◆ **Given data**:
::::

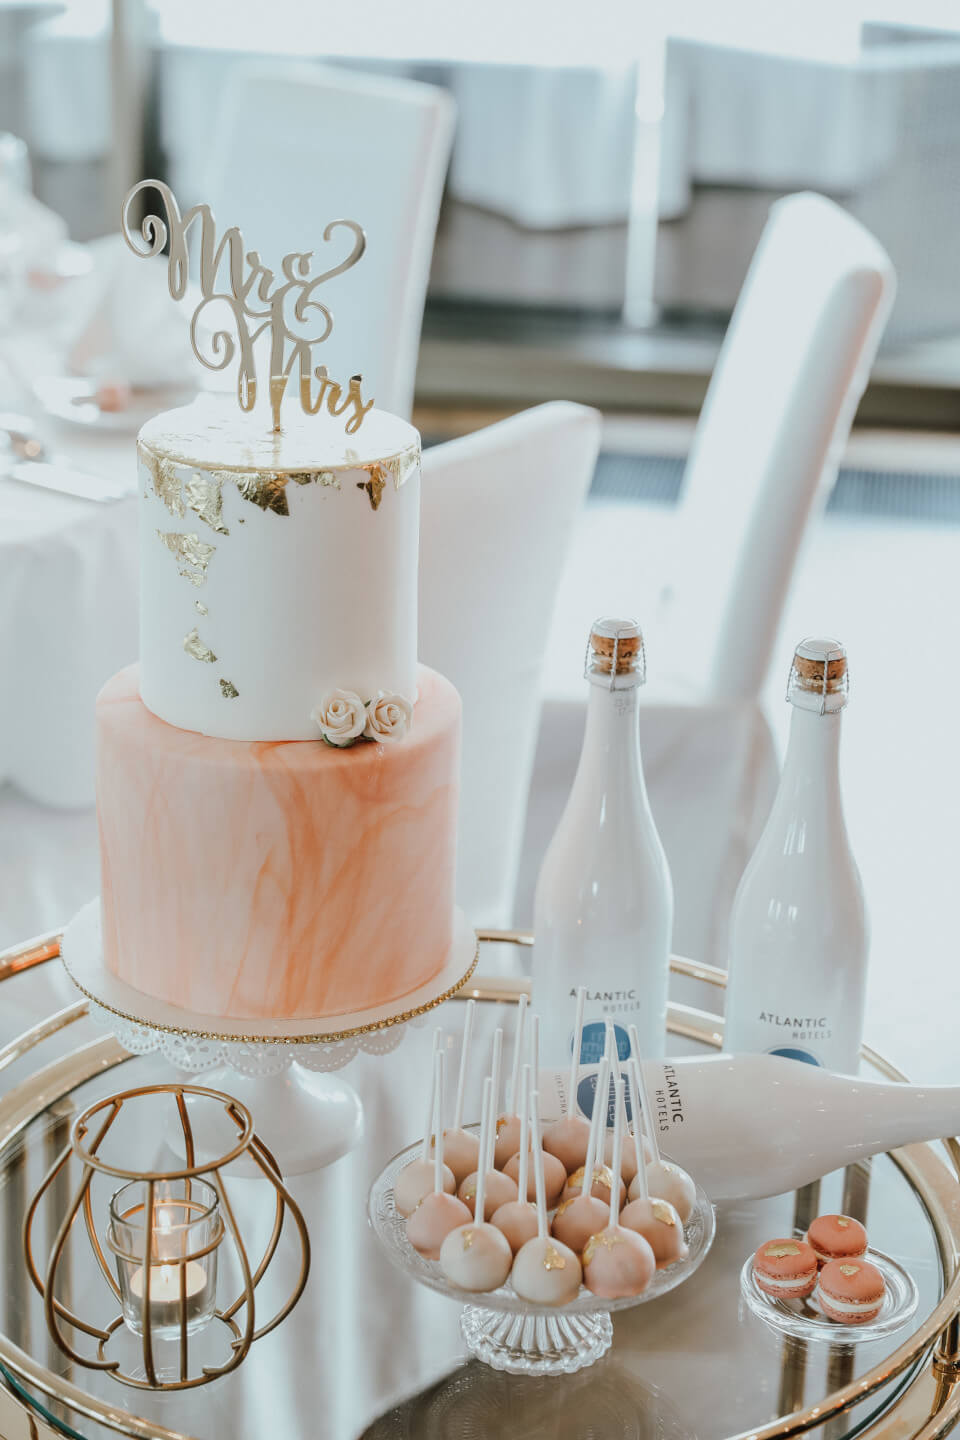 weddingcake and ATLANTIC sparkling wine bottles
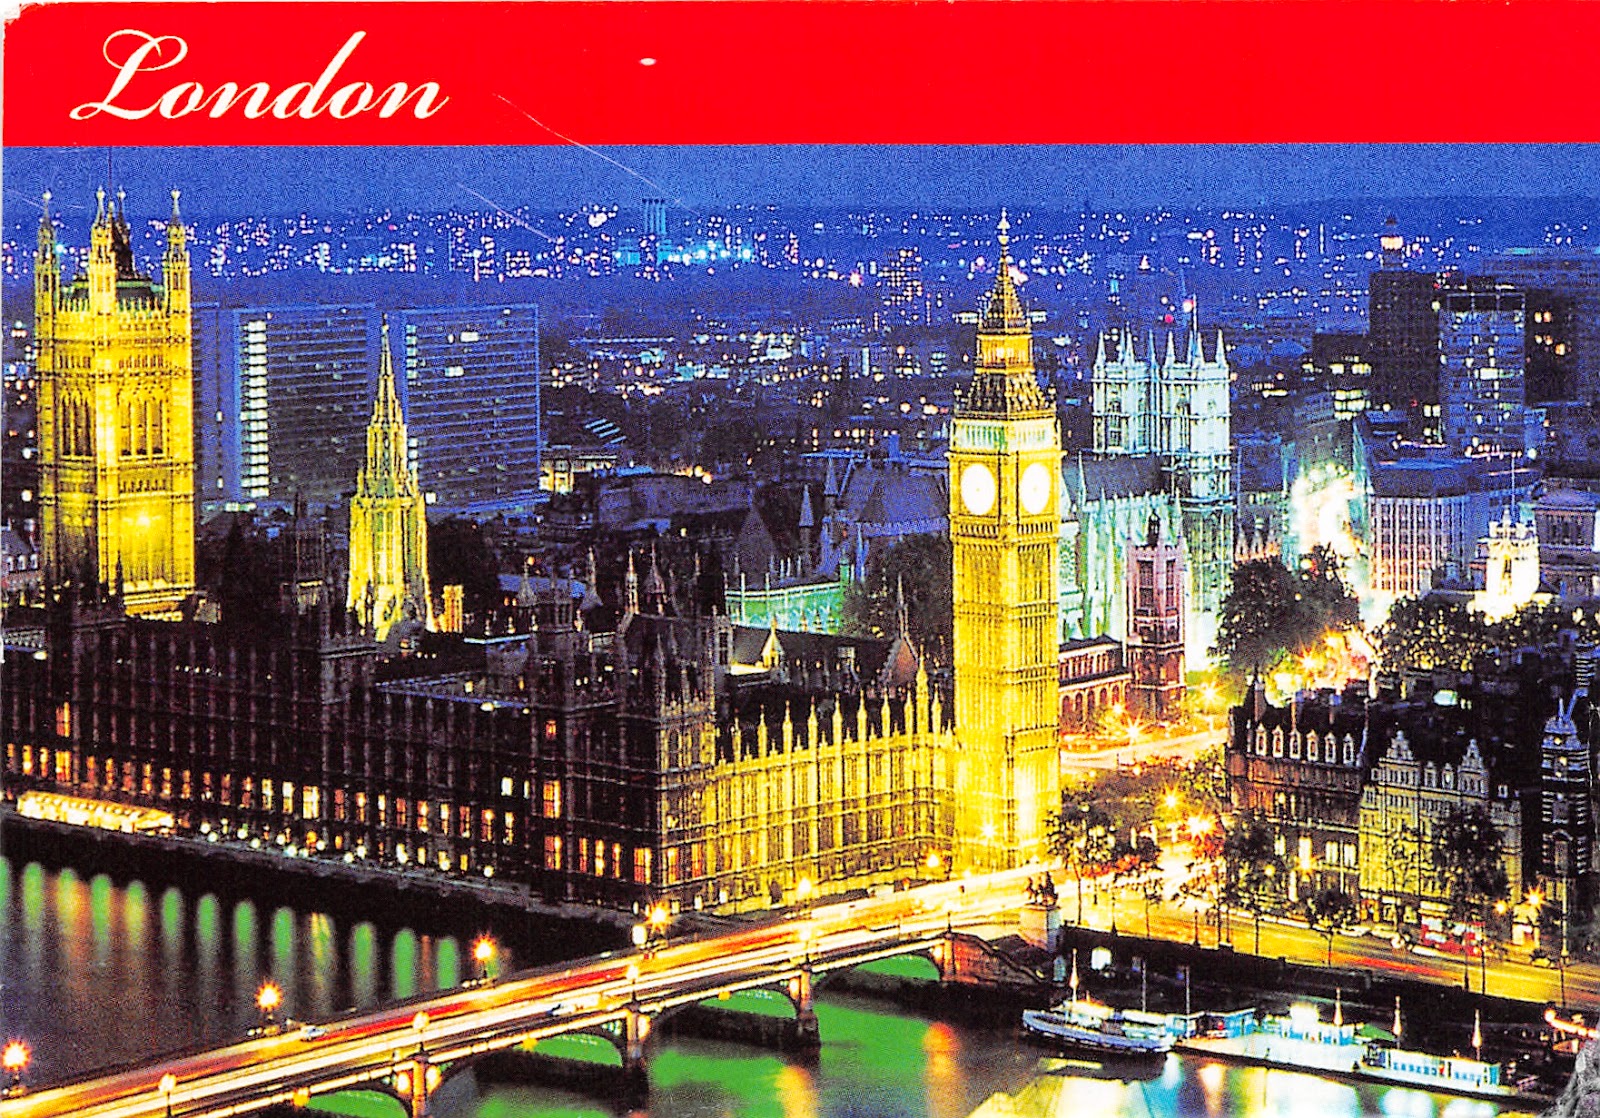 The capital of united kingdom is london. London столица. Лондон - столица Великобритании и один из крупнейших городов. London Capital на английском. London is the Capital of great Britain.
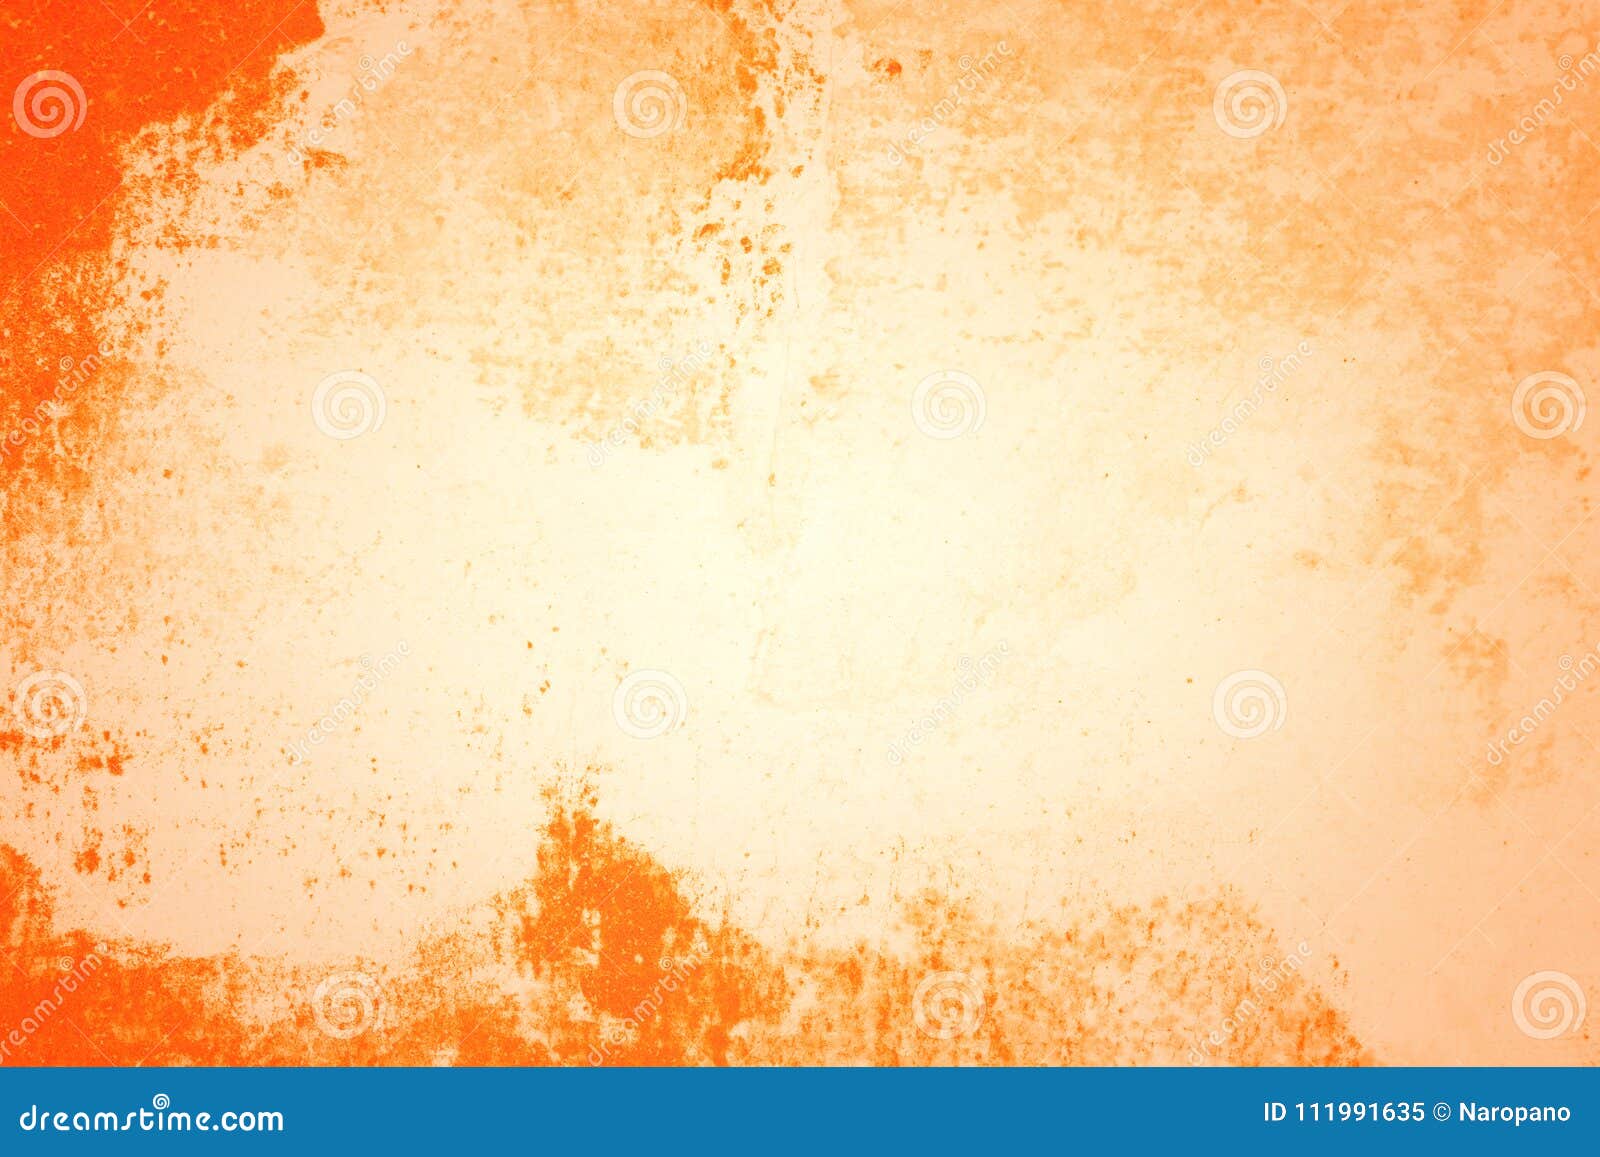 Orange Abstract Background Texture. Blank for Design, Dark Orange Edges  Stock Image - Image of flame, construction: 111991635

::::

◆ **What this task involves**: Find the line containing "The capital of united" in the listing above. Restate it and every line after it, word for word, through the final line, leaving out the pictures.

◆ **Answer to the exercise**:
 The capital of united kingdom is london. London столица. Лондон - столица Великобритании и один из крупнейших городов. London Capital на английском. London is the Capital of great Britain.
 Orange Abstract Background Texture. Blank for Design, Dark Orange Edges  Stock Image - Image of flame, construction: 111991635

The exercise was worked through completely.